I don't find the "probability of inclusion in final solution" model very useful, compared to "probability of use in future work" (similarly for their expected value versions) because
- I doubt that central problems are a good model for science or problem solving in general (or even in the navigation analogy).
- I see value in impermanent improvements (e.g. current status of HIV/AIDS in rich countries) and in future-discounting our value estimations.
- Even if a good description of a field as a central problem and satalite problems exists, we are unlikely to correctly estimate it apriori, or estimate the relevance of a solution to it. In comparison, predicting how useful a solution is to "nearby" work is easier (with the caveat that islands or cliques of only internaly-useful problems and solutions can arise, and do in practice).
Given my model, I think 20% generalizability is worth a person's time. Given yours, I'd say 1% is enough.
I see what you mean with regards to the number of researchers. I do wonder a lot about the amount of waste from multiple researchers unknowingly coming up with the same research (a different problem to what you pointed out) and the uncoordinated solution to that is to work on niche problems and ideas (which coincidentally seem less likely to individually generalize).
Could you share your intuition for why the solution space in AI alignment research is large, or larger than in cancer? I don't have an intuition about the solution space in alignment v.s. a "typical" field, but I strongly think cancer research has a huge space and can't think of anything more difficult within biology. Intuition: you can think of fighting cancer as a two player game, with each individual organism being an instance and the within-organism evolutionary processes leading to cancer being the other player. In most problems in biology you can think about the genome of the organisms as defining rule set for the game, but here the genome isn't held constant.
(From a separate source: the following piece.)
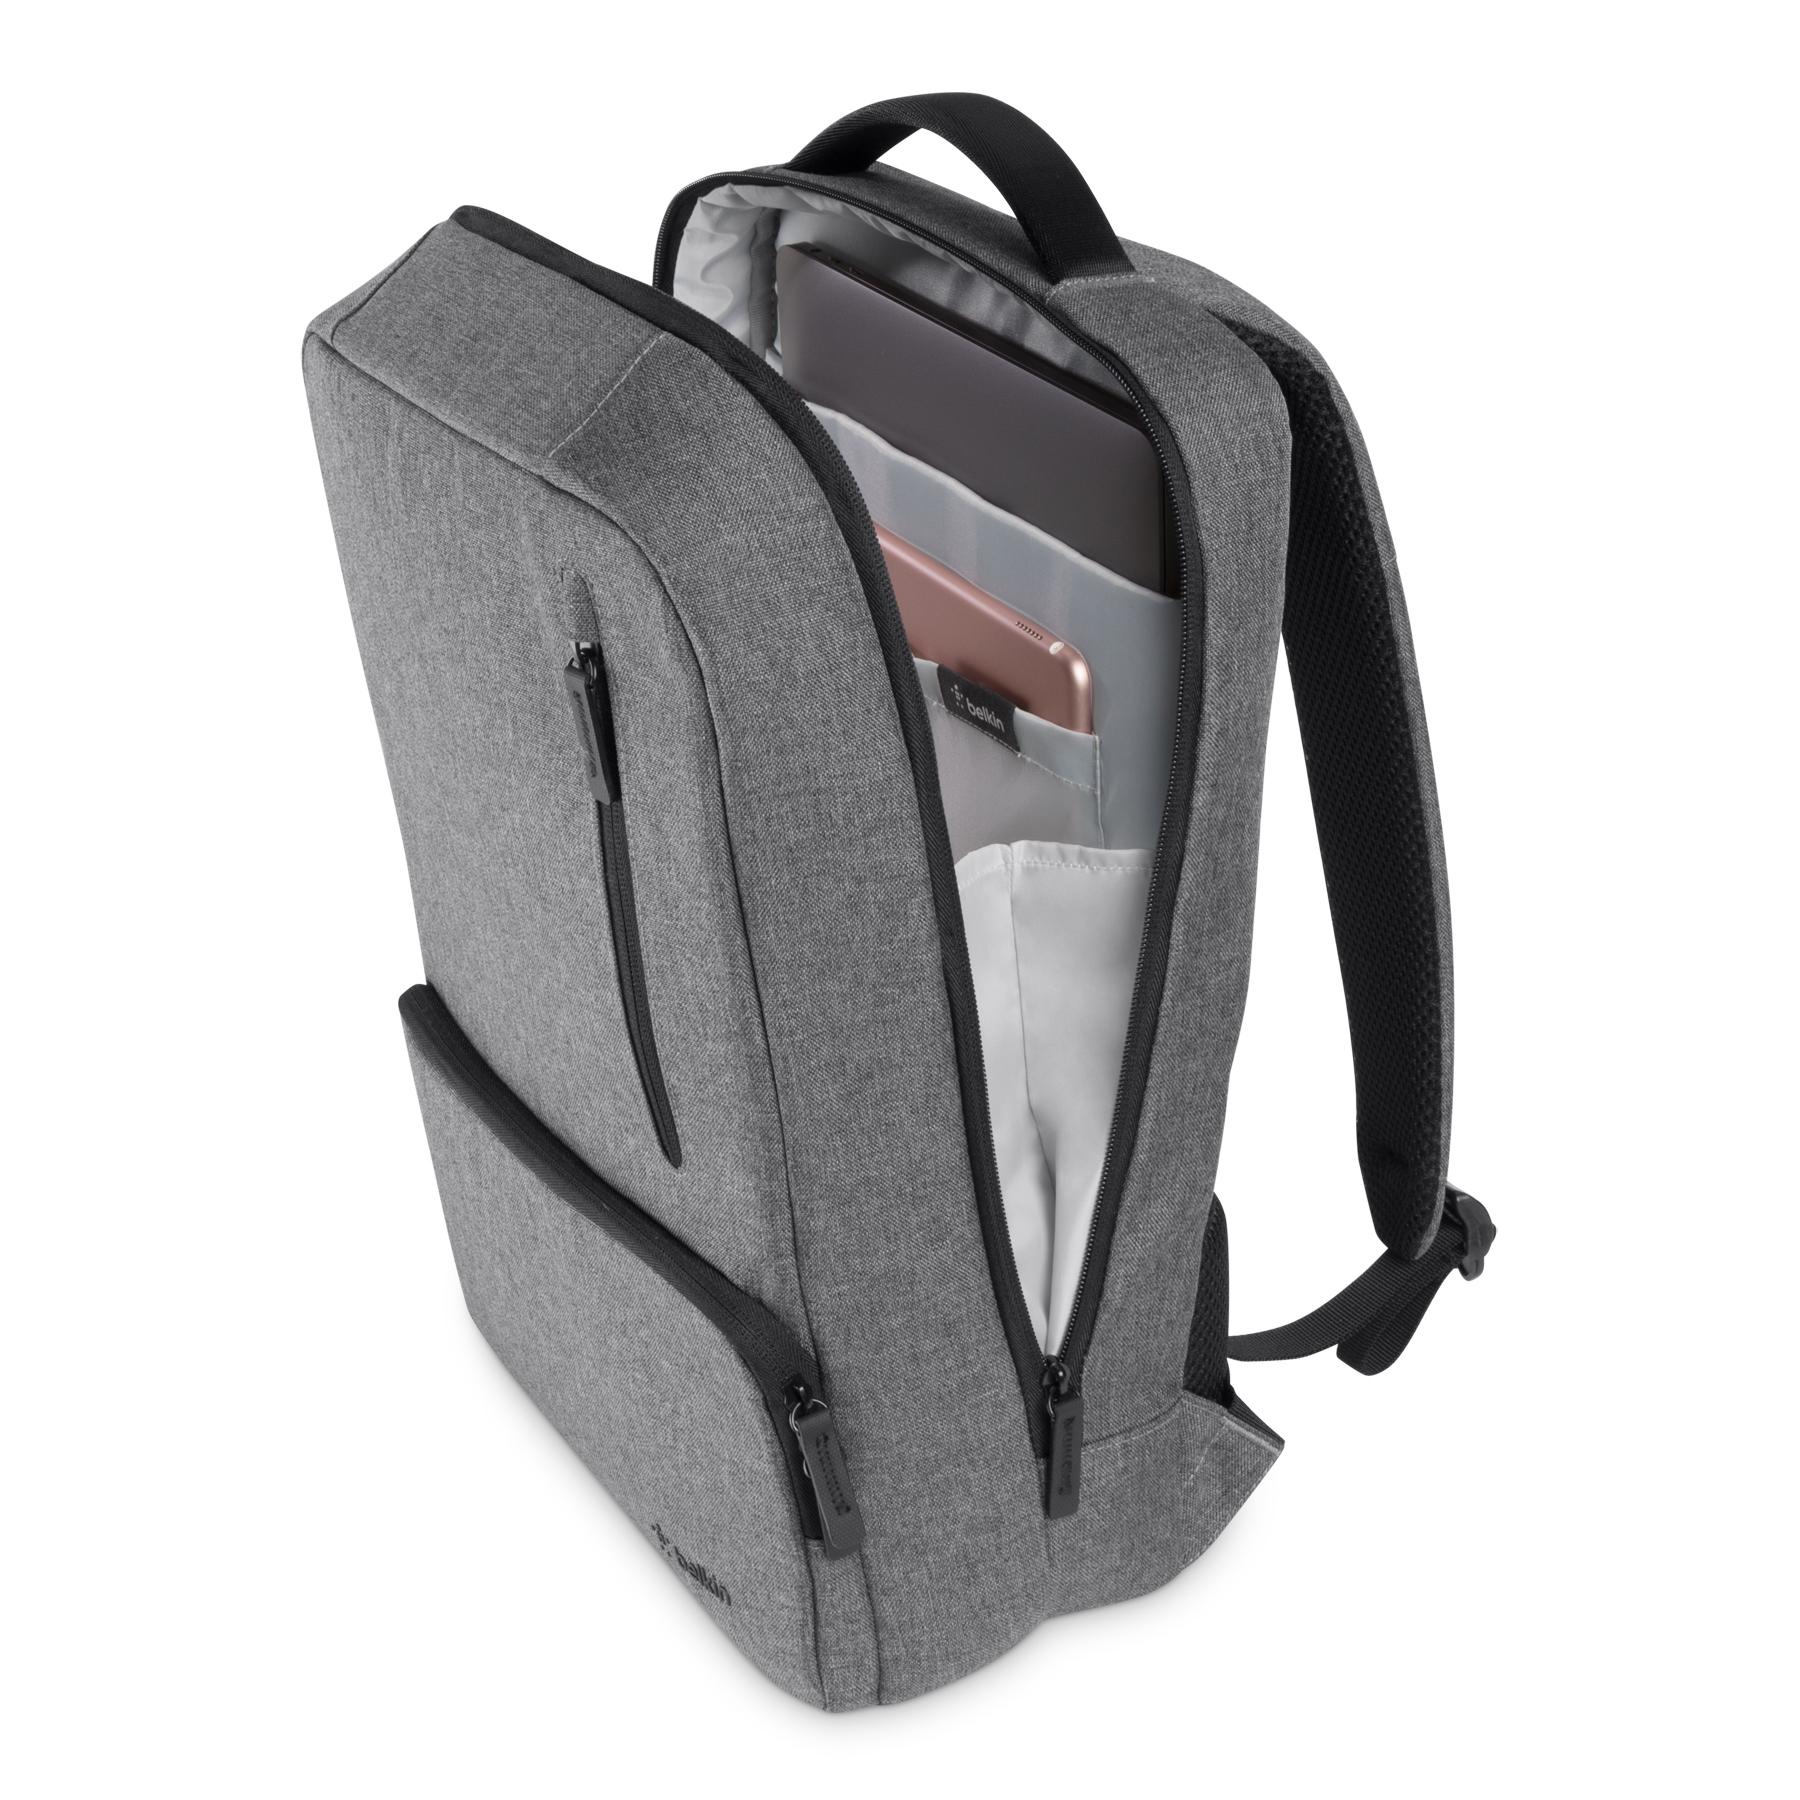 Belkin Classic Pro Backpack Belkin Revamps Bag Lineup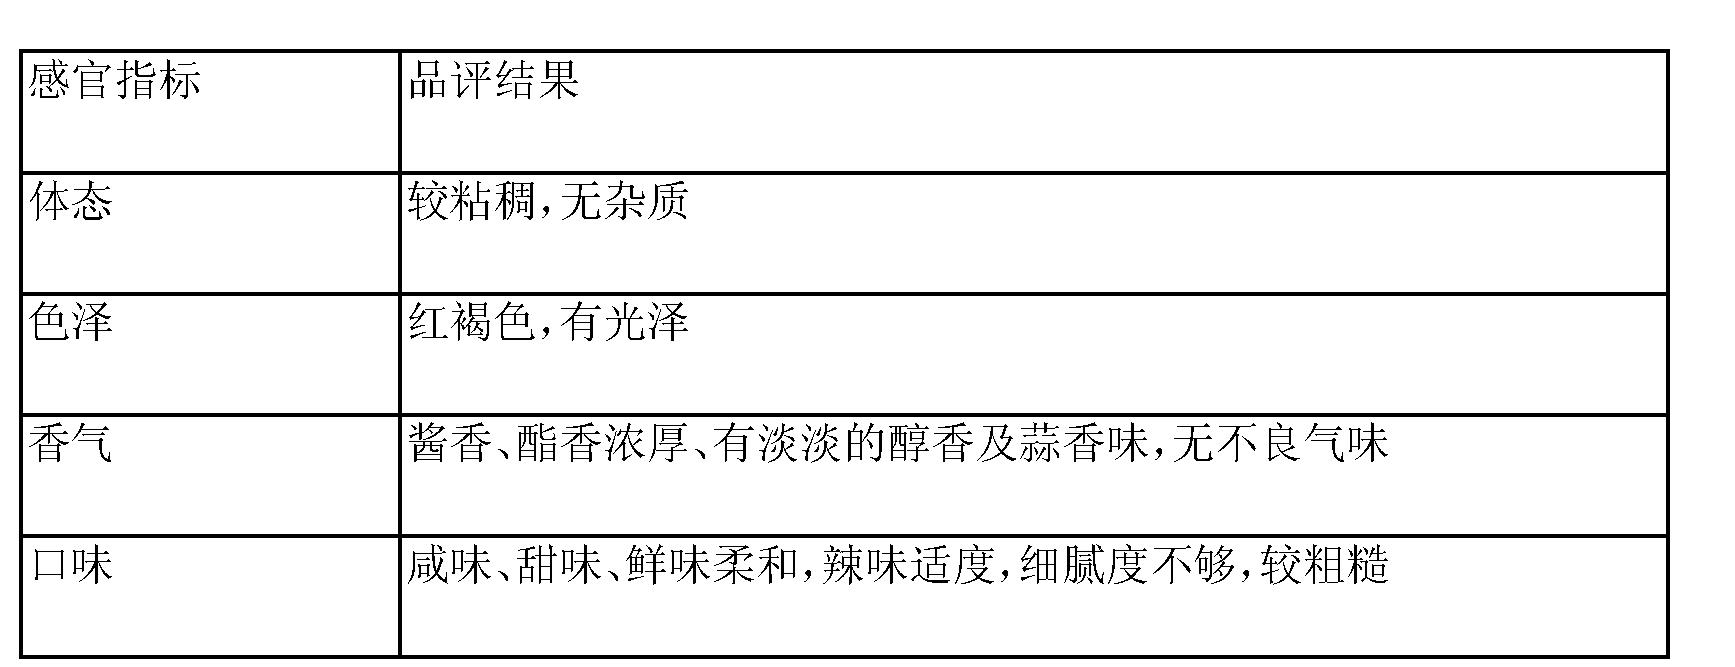 Figure CN103070387AD00212

w.r.t. to the threshold to strong generalizability, I don't have a working model of this to disagree with. Putting confidence/probability values on relatively abstract things is something I'm not used to (and I understand is encouraged here), so I'd appreciate if you could share a little more insight about how to
- Define the baseline distribution generalizability is defined on.
- Give a little intuition about why a threshold is meaningful, rather than a linear "more general is better".
I'm sorry if that's too much to ask for or ignorant of something you've laid out before. I have no intuition about #2, but for #1 I suspect that you have a model of AI alignment or an abstract field as having a single/few central problems at a time, whereas my intuition is that they are mostly composed of many problems, with "centrality" only being relevant as a storytelling device or a good way to make sense of past progress in retrospect (so that generalizability is more the chance that one work will be useful for another, rather than be useful following a solution to the central problem) . More concretely, aging may be a general factor to many diseases, but research into many of the things aging relates to is composed of solving many small problems that do not directly relate to aging, and defining solving aging as a bottleneck problem and judging generalizability with respect to it doesn't seem useful.
Besides reiterating Ryan Greenblat's objection to the assumption of a single bottleneck problem, I would also like to add that there is apriori value in having many weakly generalizable solutions even if only few will have posteriori value.
Designing only best-worst-case subproblem solutions while waiting for Alice would be like restricting strategies in game to ones agnostic to the opponent's moves, or only founding startups that solve a modal person's problem. That's not to say that generalizability isn't a good quality, but I think the claim in the article goes a little too far.
There's one common reason I sometimes undervalue weakly-generalizeable solutions (it's not in response to any claim in the article, but I hope it is relevant still): it sucks to be the individual researcher whose work turns out as irrelevant. I think that both in a utilitarian sense and as a personal way to cope with life, it's better to adopt an apriori mindset of meaning and value in one's work, but we're not naturally equipped with it.